Building AI Product Identification
How we built a system that identifies products from photos — and why showing confidence levels matters more than pretending AI is always right.
The problem with adding items manually
Adding a product to a Teed bag meant typing its name, finding a photo, adding links. For one or two items, that's fine. For a bag with 15 items, it's tedious. And the whole point of Teed is to make sharing your gear easy — a painful editor defeats the purpose.
The obvious fix: let people take a photo of a product and have the system figure out what it is.
How APIS works
We call it APIS — Advanced Product Identification System. The pipeline has multiple stages, each feeding the next:
Image analysis. The photo goes to Claude's Vision API. The prompt is specific: identify the product, brand, model, category, and any visible distinguishing features. We're not asking for a general image description — we're asking "what product is this, exactly?"
Text parsing. If someone types a product name instead of uploading a photo, we run it through a text parsing pipeline first. This handles the messy reality of how people describe things — "taylormade stealth driver" needs to become brand: TaylorMade, model: Stealth, category: Driver. We have a brand dictionary with 680+ entries across 50+ categories that handles fuzzy matching and common misspellings.
Product library lookup. Before hitting any API, we check our local product library. If we already know about this exact product, we skip the expensive AI call and return cached data. This is the fastest path and handles repeat products well.
AI enrichment. For products the library doesn't know, we use the AI response to fill in details — full product name, typical price range, category classification, and a clean description.

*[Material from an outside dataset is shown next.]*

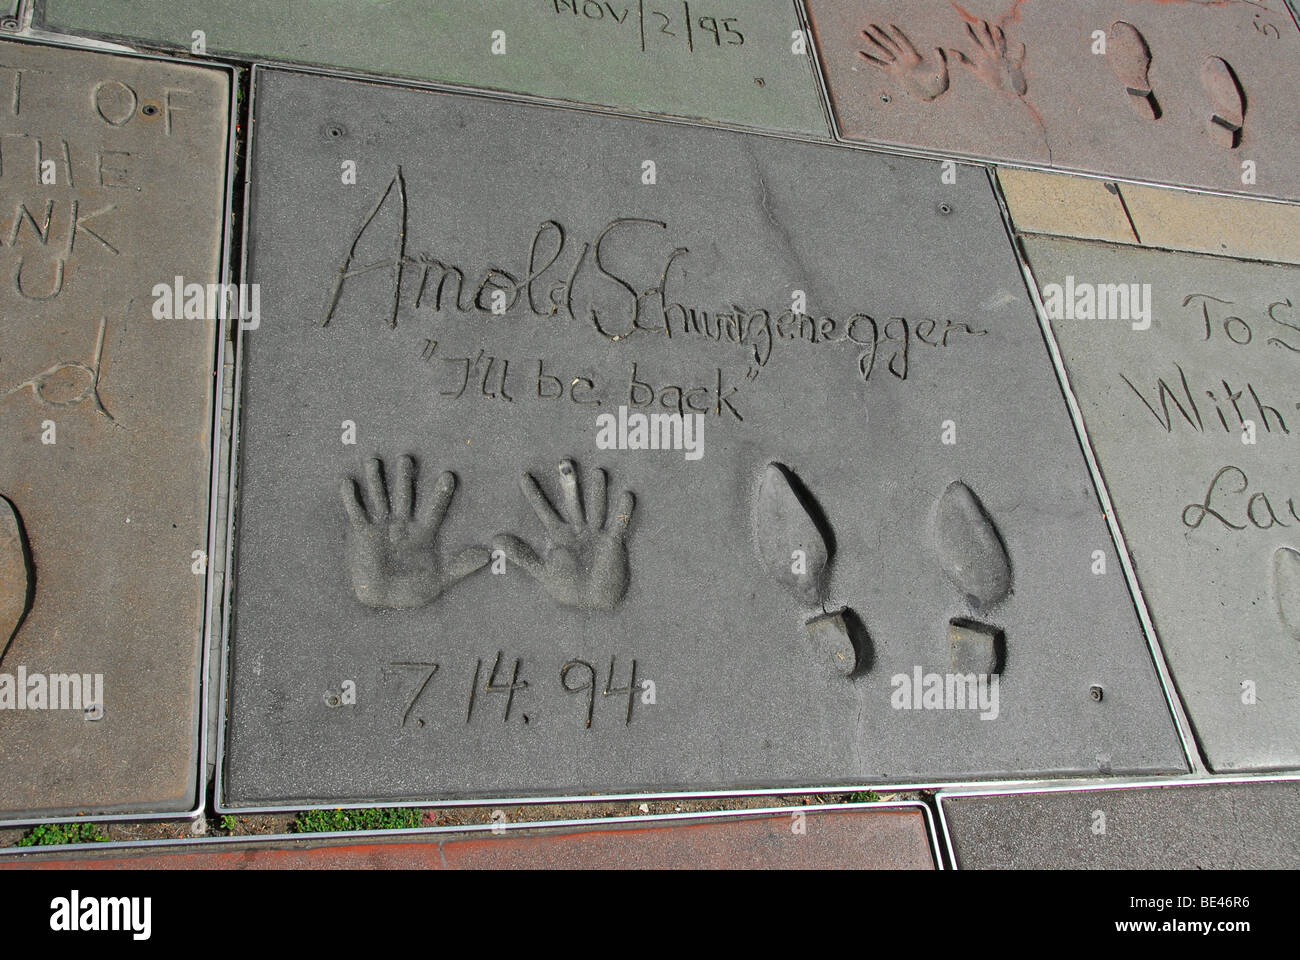 Part- et empreintes de Arnold Schwarzenegger en face du Grauman's Chinese Theatre, Los Angeles, Californie, USA, Amérique du Nord Banque D'Images

Confidence scoring. This is the part I'm most deliberate about.
Why confidence levels matter
Every AI identification comes with a confidence score. We show it to users in three tiers:
- 90%+ — "Identified." We're confident this is the right product. Green badge.
- 75-89% — "Best match." Probably right, but verify. Yellow badge.
- Below 75% — "Possible match." Our best guess, but you should check. Gray badge.
The temptation with AI features is to hide uncertainty. Just show the result and let people assume it's correct. That's dishonest and it erodes trust fast. The first time someone's Nikon lens gets identified as a Canon, they stop trusting the whole system.
By showing confidence levels, we set honest expectations. A "possible match" at 65% confidence tells the user "we tried, here's our best guess, please verify." That's a much better experience than a wrong answer presented with false certainty.
What makes product identification hard
Photos of products are surprisingly difficult for AI. A few things that tripped us up:
Angles and partial views. People don't photograph their gear like product shots. You get a camera on a desk shot from above. A headphone hanging off a monitor arm. A keyboard half-hidden behind a coffee mug. The AI needs to work with what it gets.
Similar-looking products. Generations of the same product often look nearly identical. A Sony A7III and A7IV from a photo? Good luck. We lean on any visible text, model numbers, or color variations to differentiate.
Lighting. Phone photos in mixed lighting shift colors. A matte black product can look dark gray or even brown depending on the light source. This affects brand identification more than you'd expect — color is a strong signal for many products.
Products within products. A photo of a desk setup might contain 10 identifiable products. Right now we focus on the primary/central product. Multi-product identification from a single photo is on the roadmap but it's a harder problem.
The pipeline approach
One thing I'd recommend to anyone building AI features: don't make it a single API call. The multi-stage pipeline means we can short-circuit early (product library hit = no API call), handle failures gracefully (if vision fails, fall back to text-only), and improve each stage independently.
The text parsing stage, for example, has gotten significantly better over time with dictionary expansion and fuzzy matching. Those improvements help every identification, whether it started from a photo or typed text.
What I'd do differently
I'd have built the confidence scoring UI from day one instead of retrofitting it. The original prototype just showed results without any indication of certainty, and even in testing, I caught myself assuming results were correct when they weren't.
The product library cache was also a later addition that should have been first. Most bags contain common, popular products. A local lookup that resolves in milliseconds is always better than a 2-3 second API call, even when the API is right.
Building AI features well is less about the AI and more about everything around it — the fallbacks, the honesty, the speed of the common case.